PAI-Diffusion: Constructing and Serving a Family of Open Chinese Diffusion Models for Text-to-image Synthesis on the Cloud
Wang, Chengyu, Duan, Zhongjie, Liu, Bingyan, Zou, Xinyi, Chen, Cen, Jia, Kui, Huang, Jun
Text-to-image synthesis for the Chinese language poses unique challenges due to its large vocabulary size, and intricate character relationships. While existing diffusion models have shown promise in generating images from textual descriptions, they often neglect domain-specific contexts and lack robustness in handling the Chinese language. This paper introduces PAI-Diffusion, a comprehensive framework that addresses these limitations. PAI-Diffusion incorporates both general and domain-specific Chinese diffusion models, enabling the generation of contextually relevant images. It explores the potential of using LoRA and ControlNet for fine-grained image style transfer and image editing, empowering users with enhanced control over image generation.
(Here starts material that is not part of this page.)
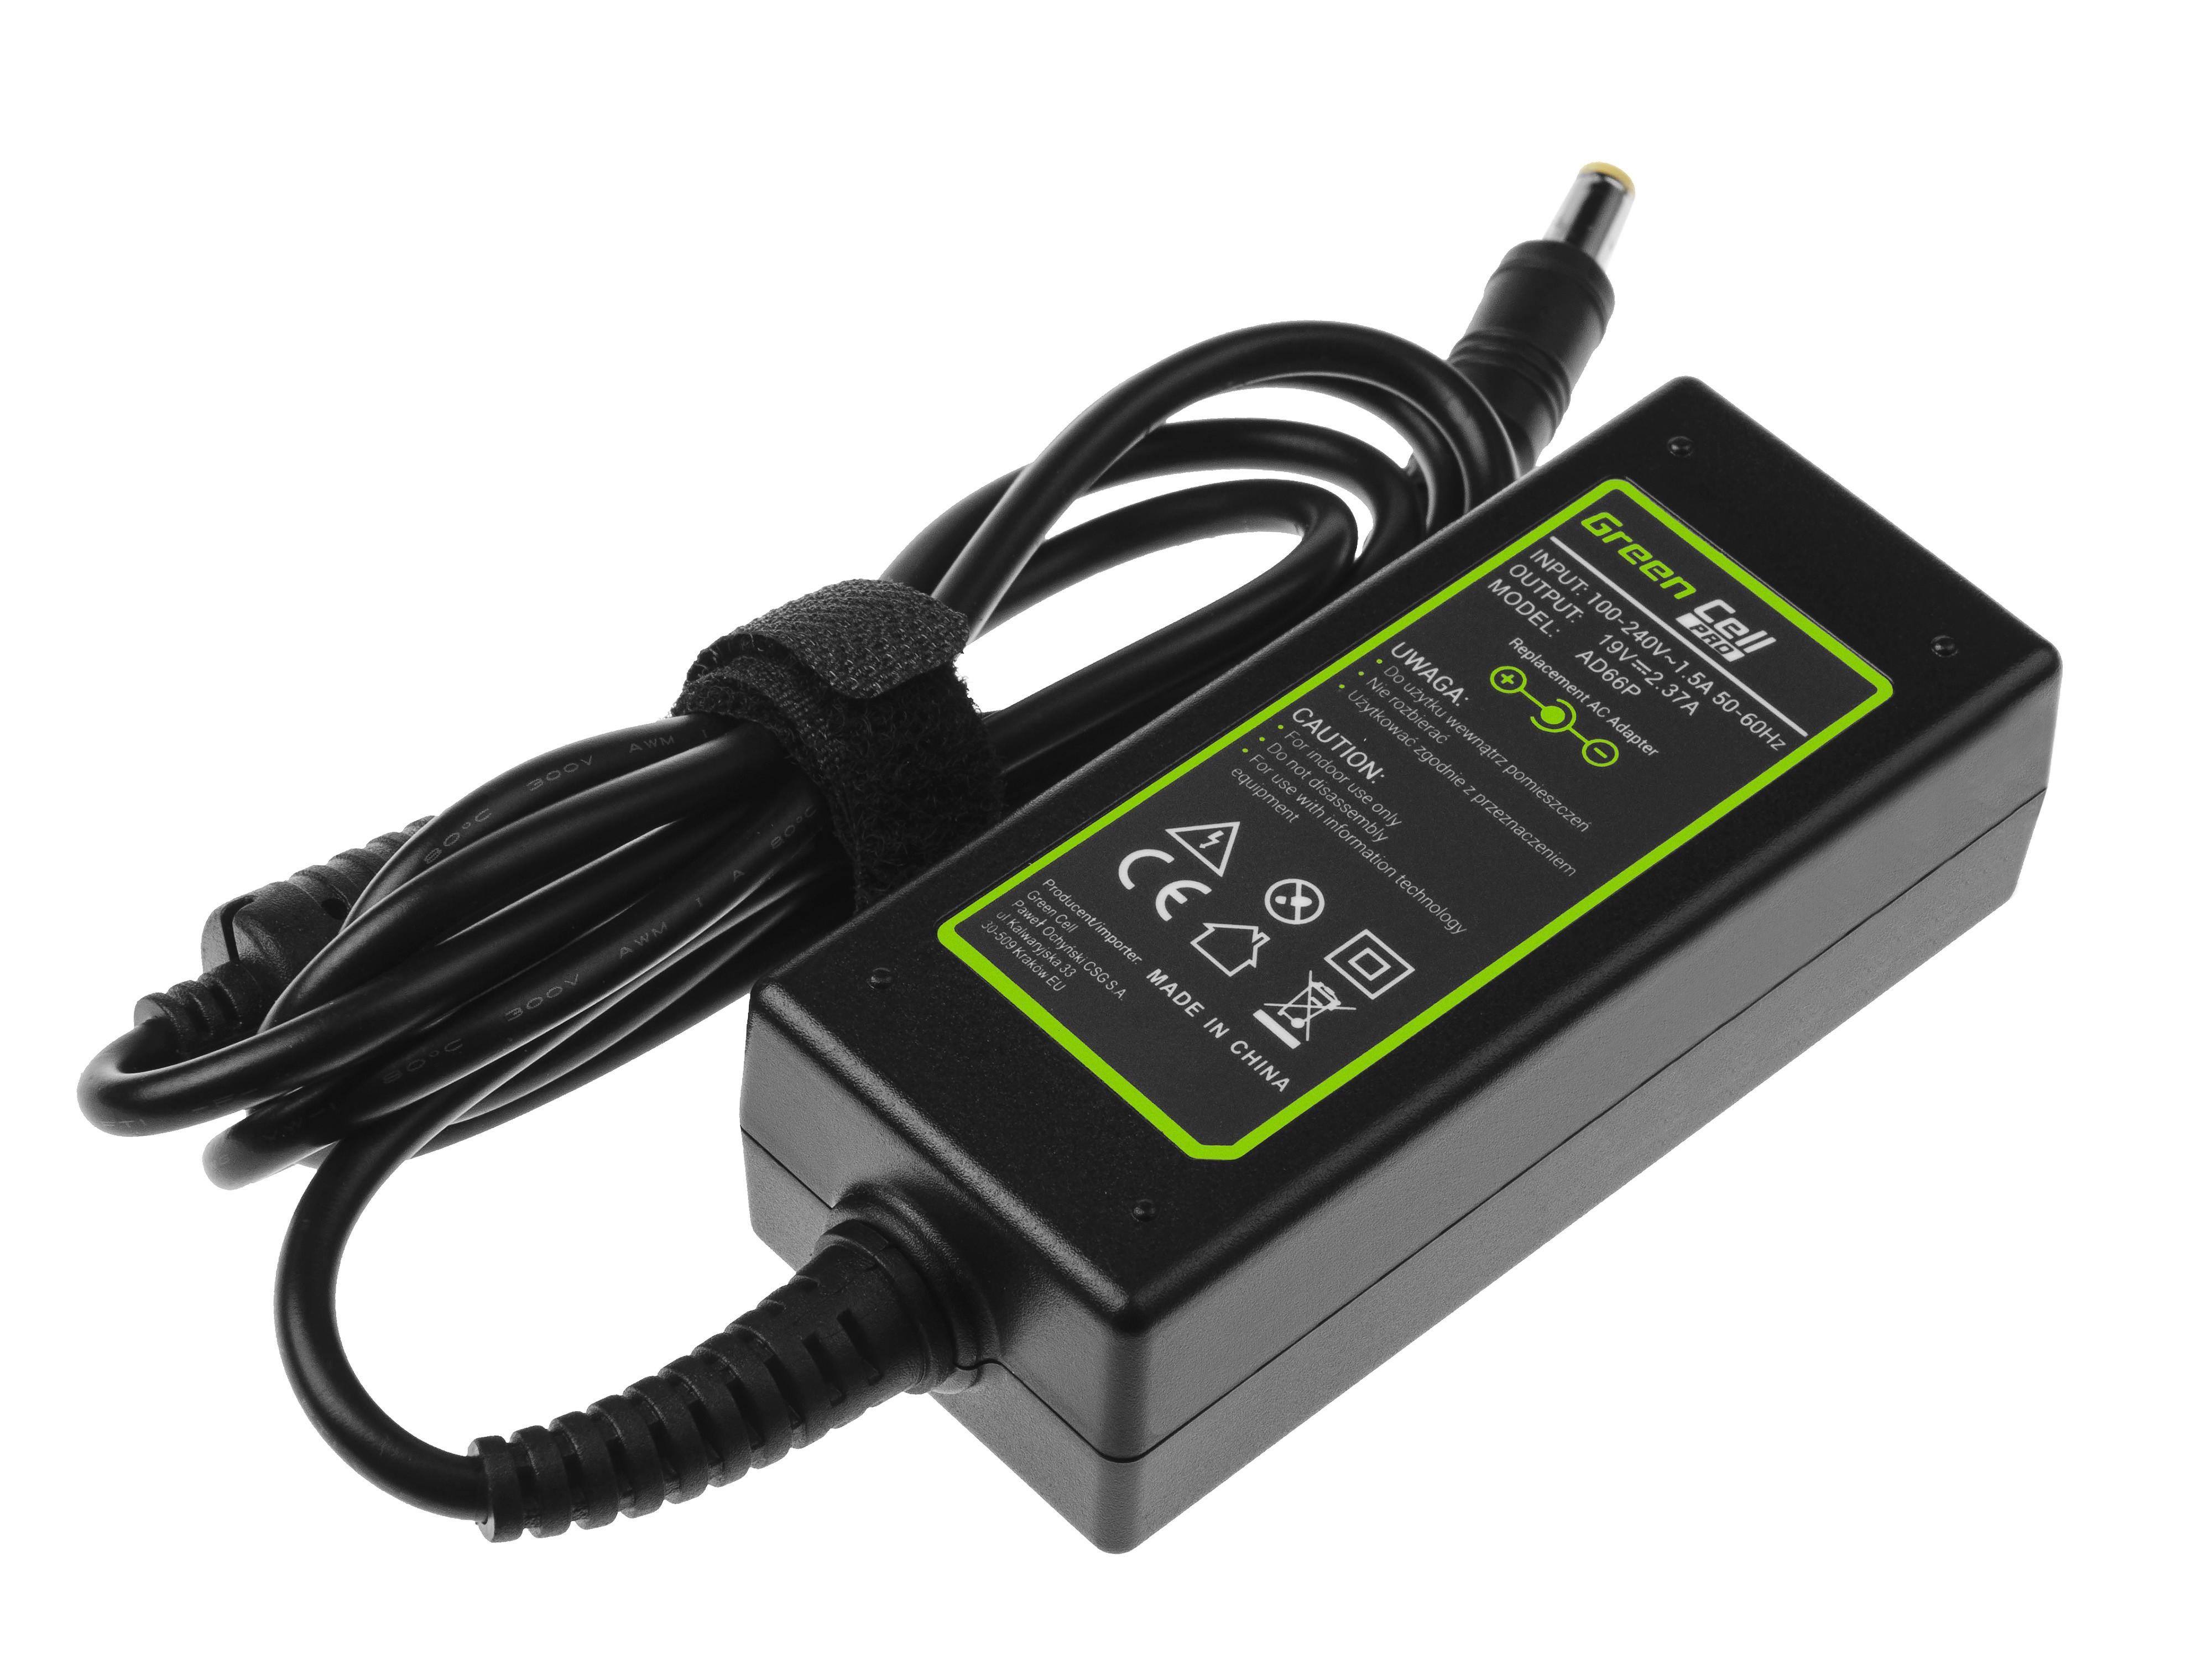 Green Cell PRO Charger for Acer Aspire E5-511 E5-521 E5-573 E5-573G ES1-131 ES V5-171 19V 2.37A 45W portatīvo datoru lādētājs

Moreover, PAI-Diffusion seamlessly integrates with Alibaba Cloud's Machine Learning Platform for AI, providing accessible and scalable solutions. All the Chinese diffusion model checkpoints, LoRAs, and ControlNets, including domain-specific ones, are publicly available. A user-friendly Chinese WebUI and the diffusers-api elastic inference toolkit, also open-sourced, further facilitate the easy deployment of PAI-Diffusion models in various environments, making it a valuable resource for Chinese text-to-image synthesis.